Иногда я прихожу в библиотеку со странным чувством бесцельности. Перебираю карточки каталогов, ищу имена тех, кого здесь не может быть, выдвигаю и задвигаю ящички, и недовольно коситс на меня библиограф. Похожее случается и дома, когда среди десятков непрочитанных или недочитанных книг никак не попадается нужная. И бродишь тогда, как зверь в клетке. В тот вечер я случайно наткнулся на книжицу Волошина о Верхарне, а домой потащил еще Гофмана.
Книжка о Верхарне издана в 1919 году. Я хочу выписать оттуда некоторые фразы. Не в знак моего согласия, в знак уважения и для никуда не годной памяти.
«В наступающие железные времена человечеству не понадобятся больше ни поэты, ни художники».
«Во имя республиканского равенства, дл того, чтобы показать, что художник ничем не лучше чернорабочего, их ставили застрельщиками при атаках, то есть обрекали на верную гибель: равенство всегда обрубает ноги более высокому, так как не может заставить вырасти карлика».
«Когда происходит битва на земле, надо, чтобы кто-то стоял на коленях в своей келье и молился за всех враждующих: и за врагов, и за братьев. В эпохи всеобщего ожесточения и вражды надо, чтобы оставались те, кто может противиться чувству мести и ненависти и заклинать благословением обезумевшую действительность. В этом религиозный долг, в этом Дхарма поэта».
1960. <Шабаново7.>
<…> Кажется мне, что печально и тихо в русской деревне. Стариной веет, запахом веков, а земля наша кажется больше и прекраснее, и почему-то жалеешь ее сильнее, чем в городе. В городе, думая об атомных бомбардировках, я никогда не представлял себе, как рушатся здания, здесь же я почти плакал, обводя глазами окрестность. Ужасно, если погибнут наши города, но смертельно, если огонь выжжет леса, травы, реки и русские деревни.
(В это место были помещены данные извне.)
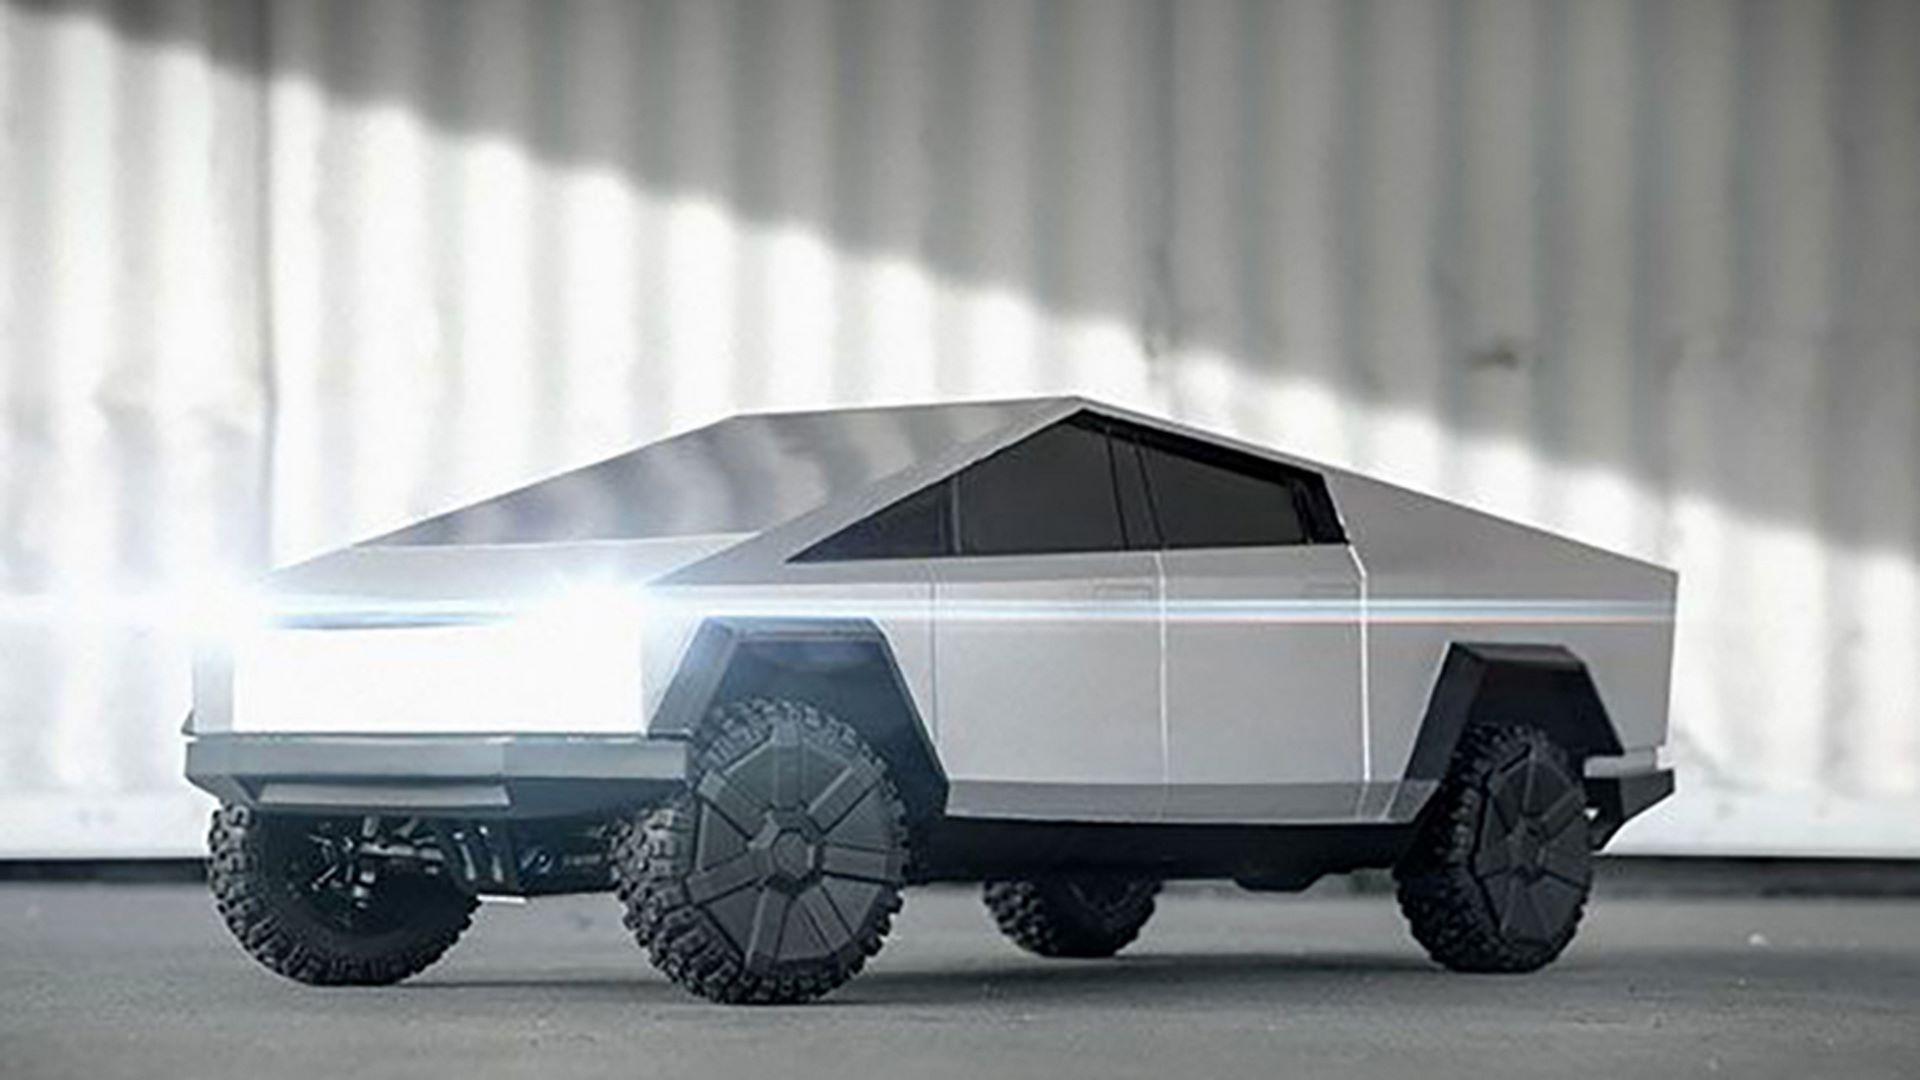 Hot-Wheels-RC-Tesla-Cybertruck-7

Мне кажется, что в деревне легче умирать: здесь больше шансов вырасти хорошей елкой, кленом или кустом орешника. Здесь больше шансов принадлежать всей земле, а не купленному клочку огороженного смердящего пространства. Деревни умирают, как люди: на месте изб — холмики земли, поросшие крапивой и полынью; склоняются над ними потрескавшийся тополь, полузасохшая черемуха или одичавшая яблоня. И проходишь вдоль этого кладбища и думаешь о людях, мелких, обыкновенных, которые жили здесь, а потом ушли куда-то или вымерли, потеряв наследников в войнах и в городах.
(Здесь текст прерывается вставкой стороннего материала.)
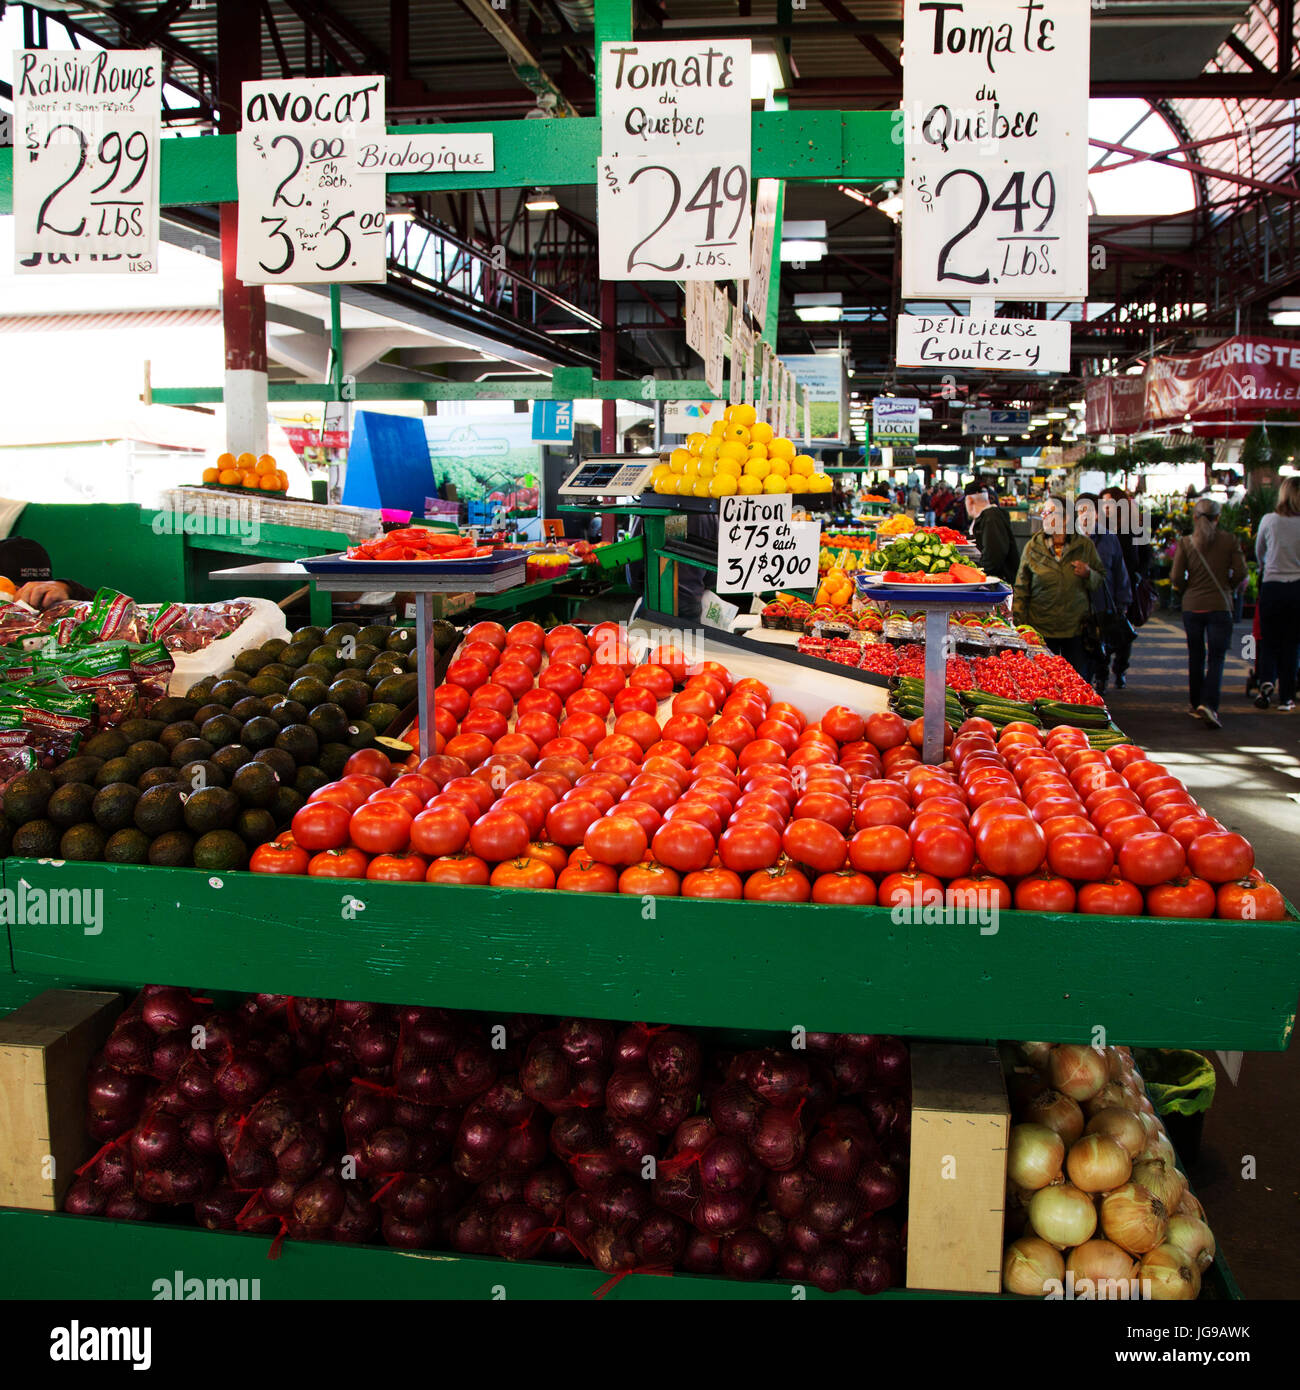 Kitchen Gallery Jean Talon: Marche Jean Talon Market Photos & Marche Jean Talon Market

Шабаново — не знаменитая деревня. Было в ней до войны 45 дворов, осталось четырнадцать. Похоронки принесли в каждую избу. Сейчас один мужчина пастушит, другой промышляет кротами, третий служит почтальоном, четвертый механизатор. Было еще двое молодых ребят-трактористов: забрали в армию. Хозяйничают на полях женщины, бабы и бабушки. Спозаранок, широко ступая босыми ногами, идут они гуськом в луга, и за их мужскими плечами тускло светятся лезвия кос. <…>
Среди славных шабановских тружениц наша тетя Тася. Все, что написано впереди, это претензия на предисловие к письмам тети Таси. Письма эти не попадут в архивы, никакому историку не придет в голову по ним изучать нашу выдающуюся эпоху, они не привлекут внимания фольклористов. И все-таки я не могу спокойно их перечитывать. В них печаль и тишина деревни, вечерние слезы и тоска о несбывшемся. В них — суровая жизнь современной крестьянки.
Историки все еще пишут жизнеописания вождей и хронику сражений, без конца твердя о народе — творце истории. Народ они исчисляют семизначными и восьмизначными цифрами: столько-то миллионов погибло в первую мировую войну, столько-то — во вторую, столько-то погибнет — в третью. Будь на свете Господь Бог, взял бы он за шиворот нашу любезную историческую науку и повел бы ее к творцам истории за стол, под черную икону, под фотографии убитых и сказал бы так: здесь ваш единственно верный первоисточник. Вслушайтесь, как дышит этот дом, сложенный много лет назад, вглядывайтесь в морщины хозяйки, в ее отполированные трудом ладони; в ее выцветшие глаза, выпейте с ней вина, выслушайте ее повесть, если она вам ее расскажет. А если не расскажет, то угадайте сами, для чего она живет на белом свете, чего она ждет, о чем думает в новогоднюю ночь, и думает ли о чем, почему плачет над письмами родне, себя ли жалея или всех бедных людей на земле. Проверьте, можно ли убиваться по корове или теленку, и не день, не два, неделями? Можно ли жить, не слушая тарахтения радио и не читая газет? Можно ли десятилетиями помнить любимых, убитых, загубленных и не изменять им, отказываясь от столь ценимого людьми личного счастья, и может ли самая великолепная стратегическая победа восстановить справедливость в глазах такой женщины? Да разве столько вопросов задает жизнь, и разве столько вопросов никогда не находит ответа.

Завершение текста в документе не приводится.